The USDA is spending about $2 million of taxpayer money to open a research center to attempt to find a way to get all Americans to eat a more healthy diet. The United States Department of Agriculture is in the process of accepting applications for grants to establish the Center for Behavioral Economics and Healthy Food Choice Research. One of the primary tasks for the new federal government division will be to “break up combo meals” at fast food chains in order to nudge customers away from unhealthy foods.
Backlash to the USDA food choice research center was both swift and severe. Americans already concerned about both federal government overreach and fiscal responsibility are making their voices heard on the matter.
Excerpt from the USDA Center for Behavioral Economics and Healthy Food Choice Research grant announcement:
“The USDA Center will facilitate new and innovative research on the application of behavioral economics theory to healthy food choice behaviors that would contribute to enhancing the nutrition, food security, and health of American consumers. With a total outlay of $108.9 billion in FY 2013, food and nutrition assistance accounted for 72 percent of USDA’s budget. Approximately 1 in 4 Americans participated in at least 1 of the 15 food and nutrition assistance programs at some point during FY 2013, making these programs fundamental to the nutritional well-being of millions of Americans. These diverse activities share the common goal of improving nutrition, food security, and health of American consumers.”
Staffers at the USDA Center will investigate how package and proportion size can be presented in a manner which “encourages healthful consumption.” The government facility will also research how fast food menu boards which showcase food bundles can be combated. The healthy food choices group will research ways to “encourage” food stamp participants (Supplemental Nutrition Assistance Program – SNAP) to make grocery shopping lists, plan meals in advance, and to stop shopping when hungry.
Over the course of the next three years, the USDA Center will be given $1.9 million with future funding possibilities also on the table.
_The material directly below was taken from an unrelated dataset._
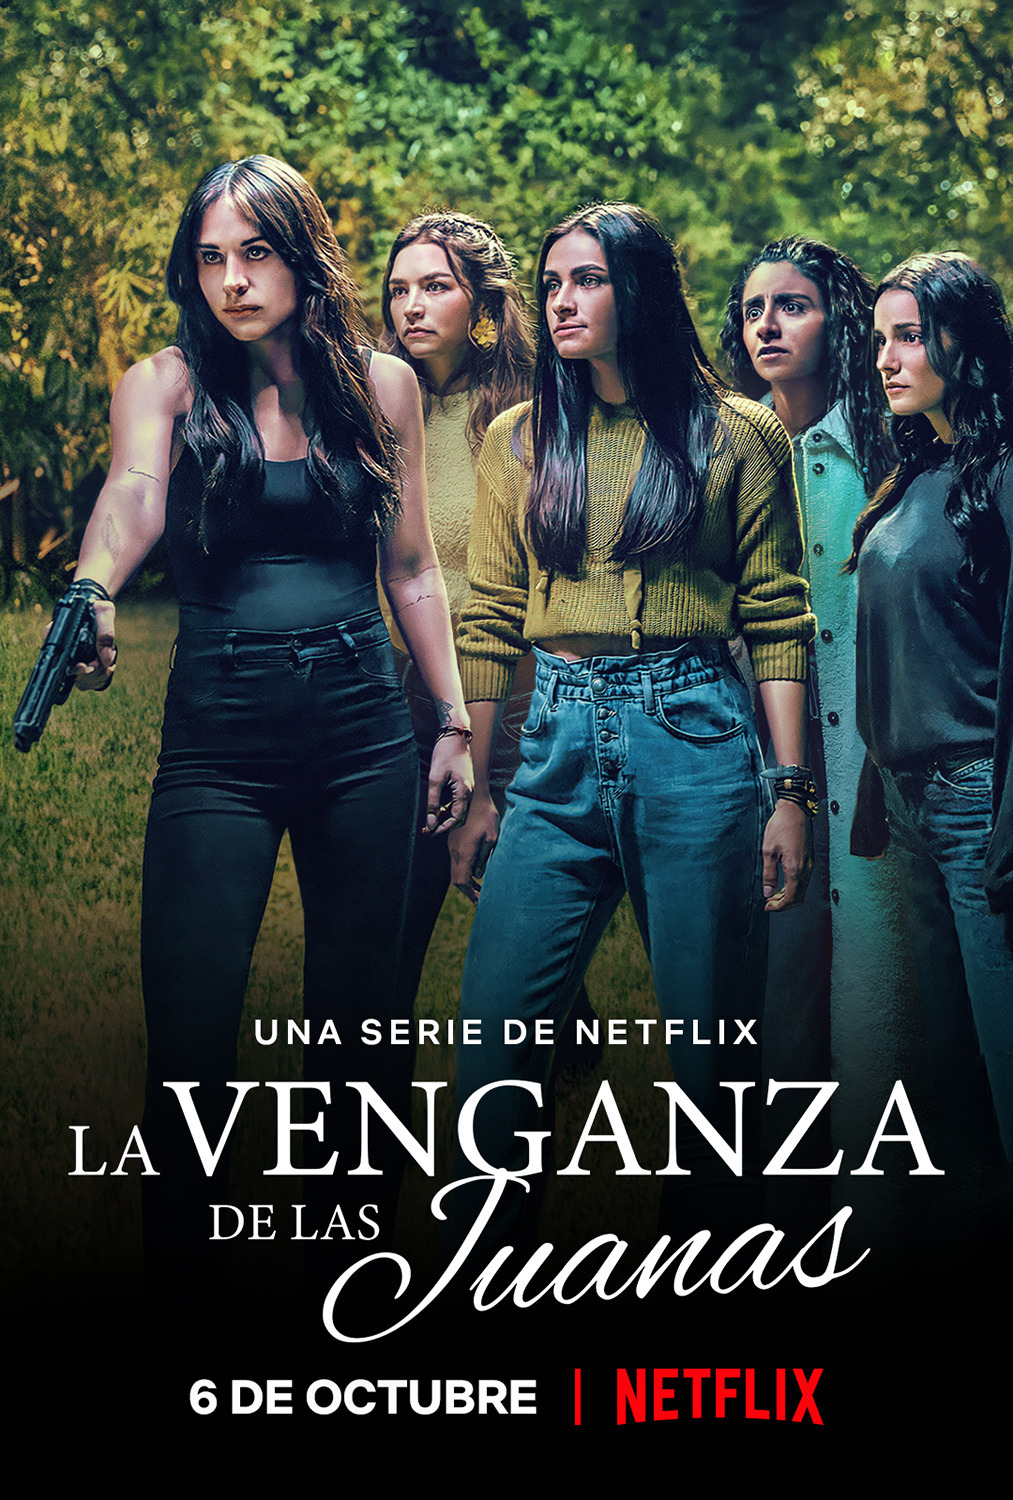 Extra Large TV Poster Image for La Venganza de las Juanas

The research focus of those given jobs at the agriculture department facility will reportedly focus primarily on improving the diets of Americans enrolled on food stamps and WIC. Opponents of the government healthy food choices plan have noted that if food stamps would not longer be able to be used to buy unhealthy food options or be used at ATM for cash, the perceived problem would be resolved both quickly and without costing a dime to taxpayers.
Should the federal government super-size itself in an attempt to reduce the waistlines of Americans?